Urban Agriculture in Urban Centers
Duration:
3 hours 30 minutes
Location
Online
Description
Regardless of economic cycles, global pandemics or political administrations, food insecurity remains one of society’s ever-present concerns. The commercial real estate sector has the unique opportunity to address this fundamental issue while improving the built environment.
Join ULI as we convene a panel of thought leaders and subject matter experts to discuss how growing food in urban areas urban can ease access to food, reconnect communities to the practice of growing food, and engages the community on a variety of levels while increasing commercial real estate’s sustainability and ESG alignment.
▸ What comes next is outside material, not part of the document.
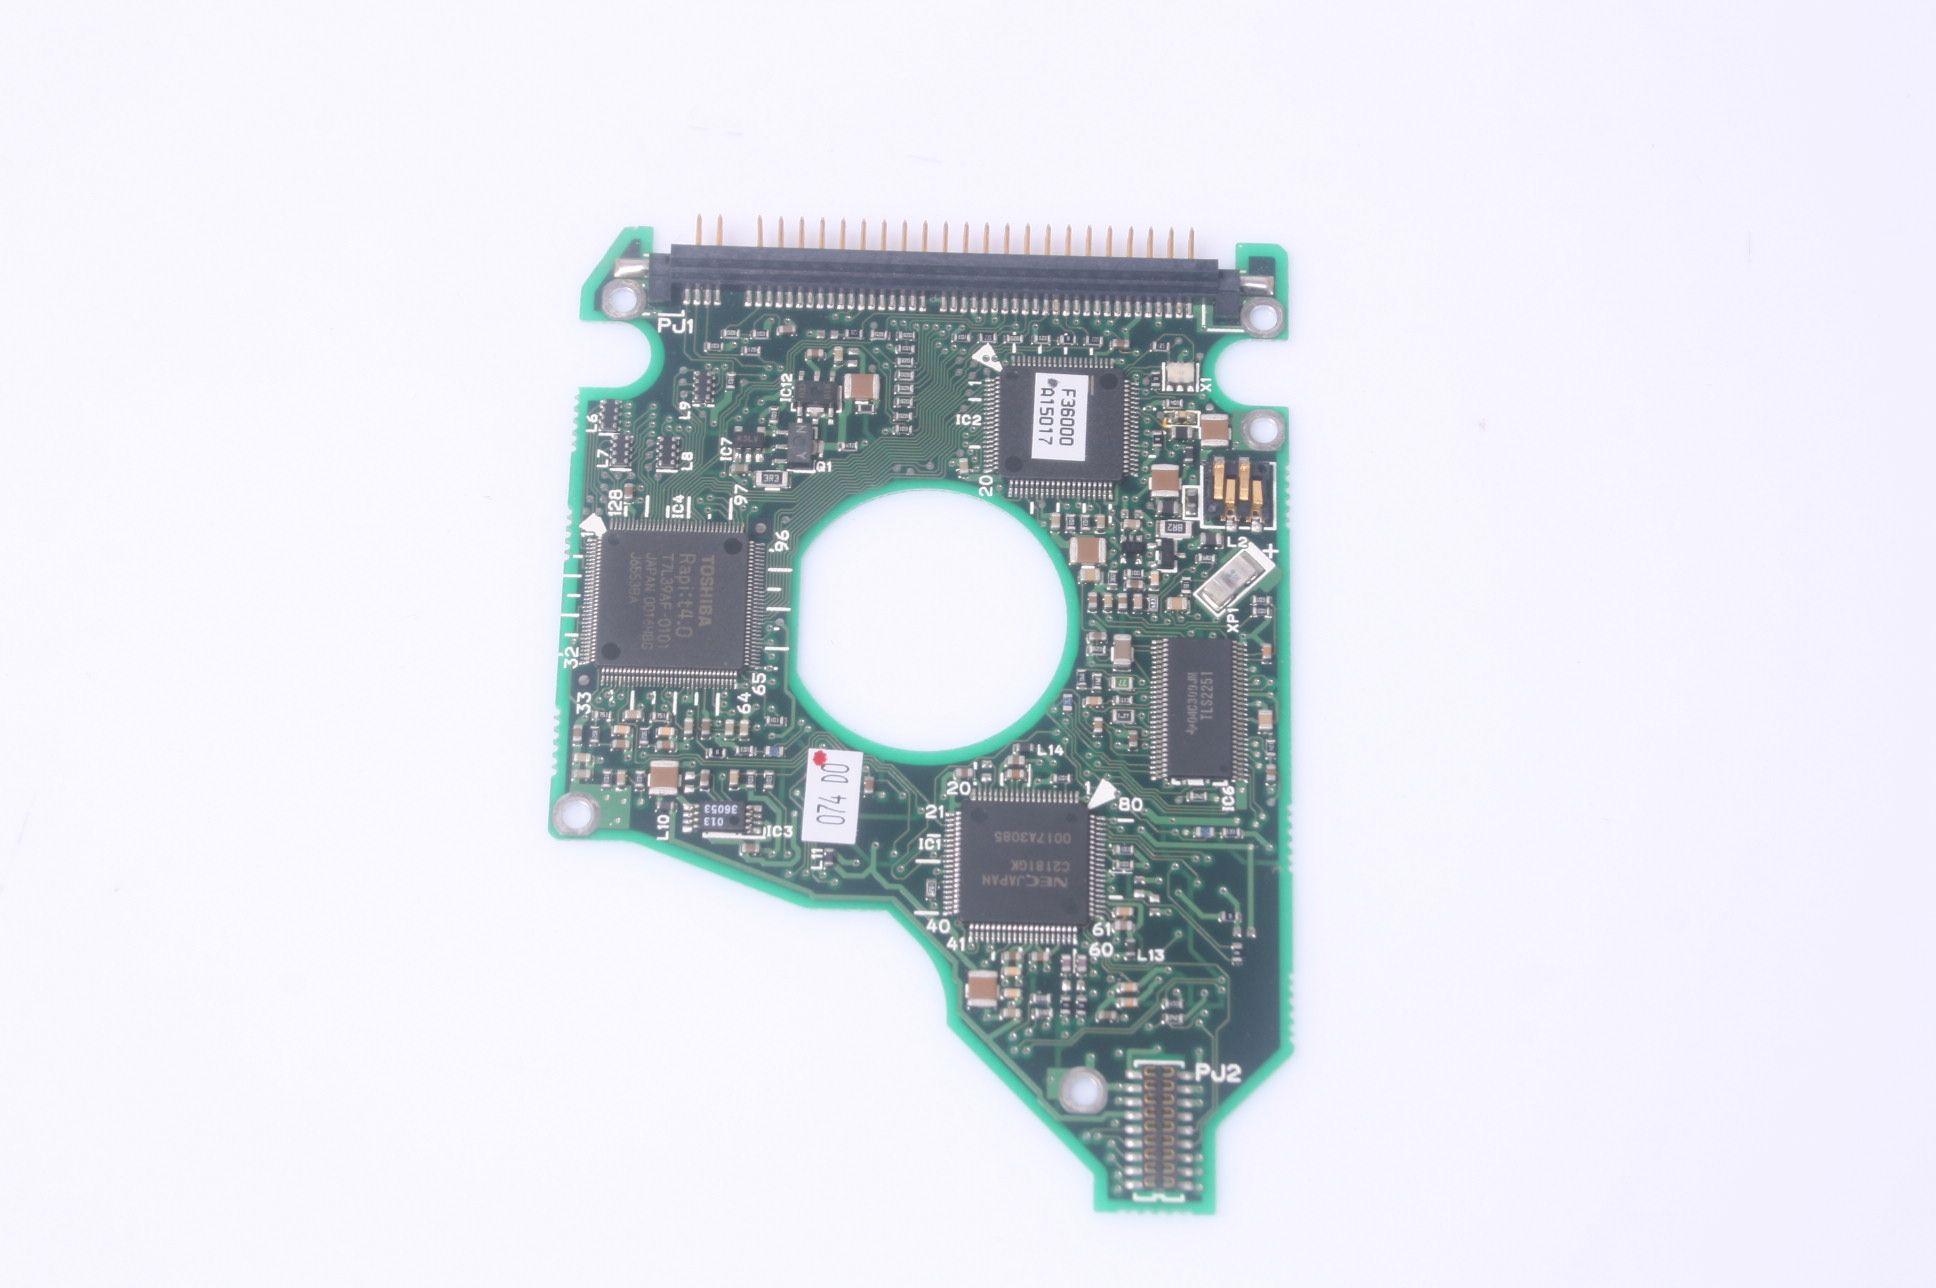 TOSHIBA MK6014MAP 6GB 2.5 IDE HARD DRIVE / PCB (CIRCUIT BOARD) ONLY FOR DA

Shani Fletcher grew up in Southern California, central Massachusetts, and rural Michigan. Upon earning her BA in Anthropology at Wellesley College, she pursued a career path that included bookselling, conference organizing, youth work, grant writing, and urban farming. A through-line in her professional life has been a commitment to the social justice community of Eastern Massachusetts. She spent ten years in the youth development field. She then realized that her dual passions for social justice and gardening could be combined through a career in food justice. She became an urban farmer at ReVision Urban Farm in Dorchester where she worked for 6 seasons, serving first as the Grower and then as the Farm Manager. After receiving her Master of Public Policy degree in Tufts University’s Department of Urban and Environmental Policy & Planning in 2018, she began working at the City of Boston as the Grassroots Program Manager, through which she helped community groups gain access to City land and federal money to start community gardens, urban farms, and other open spaces. She now serves as the Director of GrowBoston, Boston’s first Office of Urban Agriculture. She has done a diverse range of volunteer work over the years, and her personal interests include cooking, travel, karaoke, and the liberation of all people from oppression.